By 31 March 2020, there were around 326 Covid-19 patients in intensive care and 228 on ventilators in Switzerland.
It is estimated that there are around 750 ventilators across the country.
If the health system reaches overload, medical professionals in Switzerland might be forced to make the kinds of difficult decisions being made in neighbouring France and Italy. According to RTS, some patients have been transferred to Switzerland from France, where hospitals are already overloaded.
In 2013, the Swiss Academy of Medical Sciences (SAMS) formulated a code of ethics to guide these difficult decisions. On 20 March 2020, as coronavirus infections started to climb, SAMS decided to make this ethical guidance public.
As long as sufficient resources are available, all patients requiring intensive care are admitted and treated. If an emergency situation occurs with a large number of seriously ill patients, rationing decisions must be made. Patients with COVID-19 are treated according to the same criteria as all other patients.

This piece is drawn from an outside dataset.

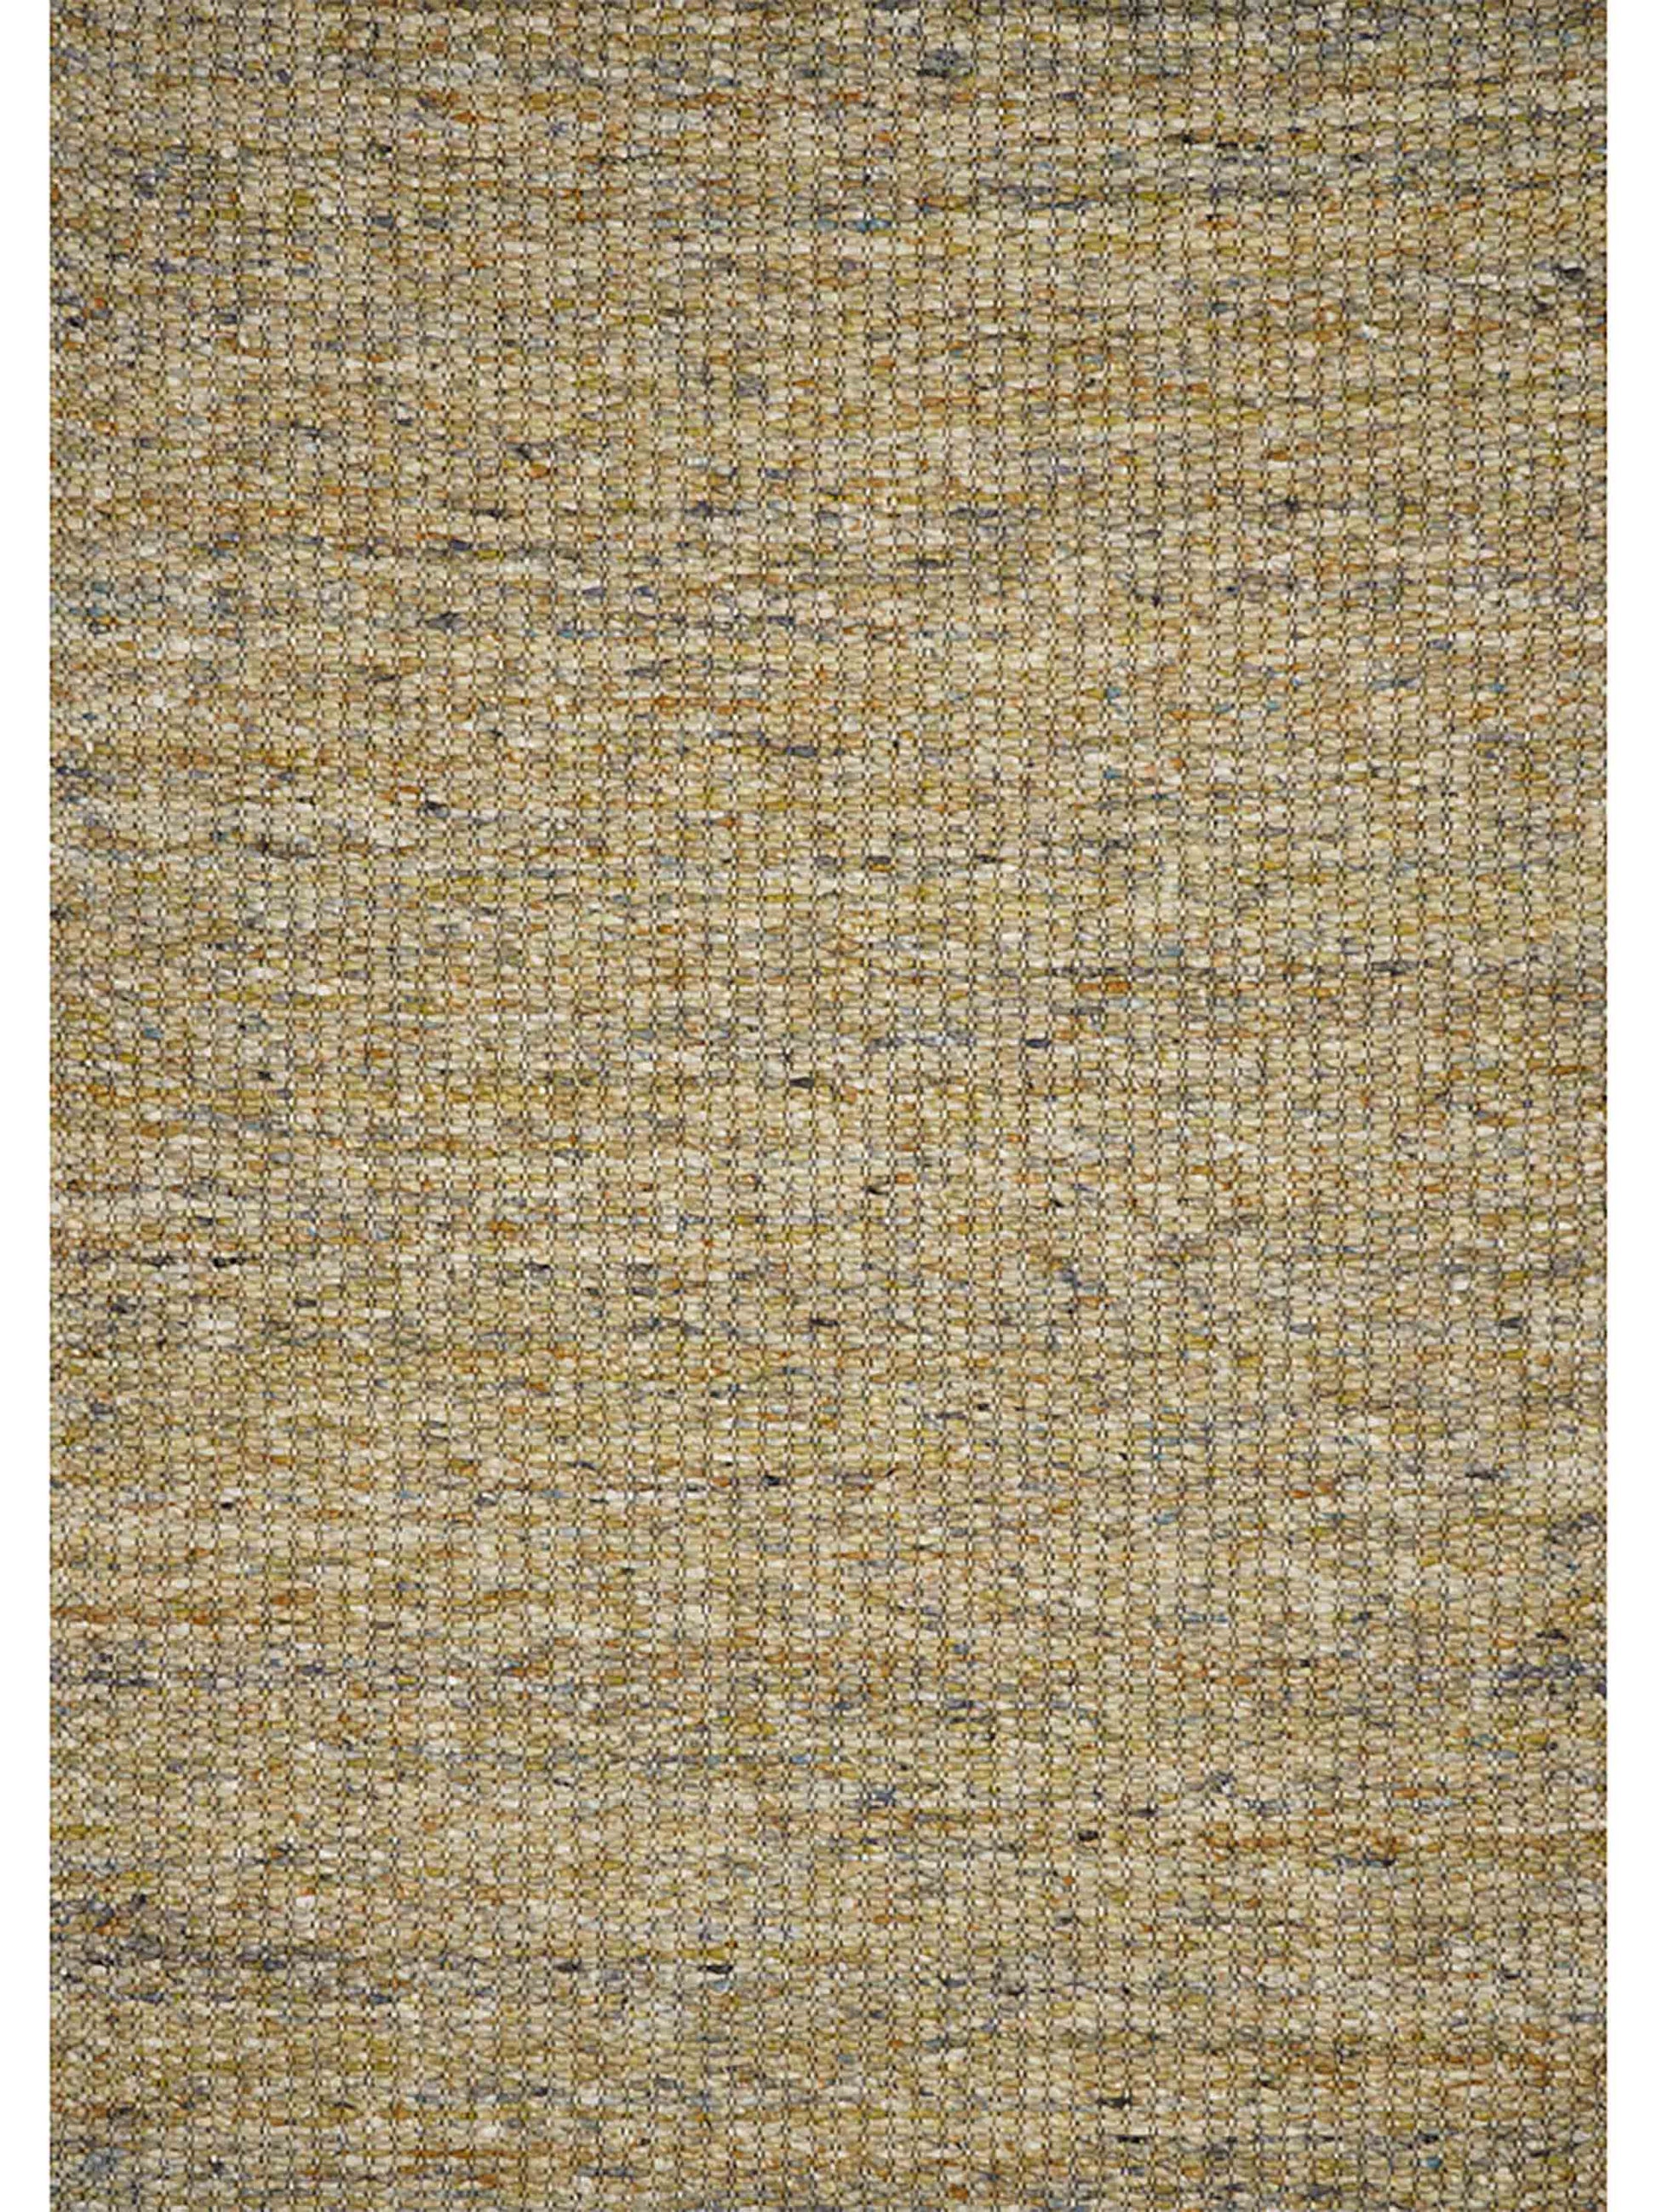 Vloerkleed De Munk Carpets Firenze FI-27 Vloerkledenwinkel

The code follows three central principles. Resources are to be allocated without discrimination based on age, sex, residence, nationality, religious affiliation, social or insurance status, or chronic disability. Medical staff whose health is at greater risk in the event of infection with the coronavirus should not be deployed in the care of patients with COVID-19. And, under conditions of acute scarcity, decisions are guided by the aim of minimising the number of deaths.
If intensive care unit capacity is exhausted and not all patients who require intensive care can be admitted, short-term patient prognosis is decisive for the purposes of triage.
Age is not to be applied as a criterion. It is however, indirectly taken into account under the main criterion of short-term prognosis – older people more frequently suffer from comorbidity, a COVID-19 risk factor.
Living wills, where people set out their wishes regarding medical intervention, are an important deciding factor too.
Criteria such as lotteries, first-come-first-served, and prioritisation according to social usefulness are not to be applied, according to the guidance.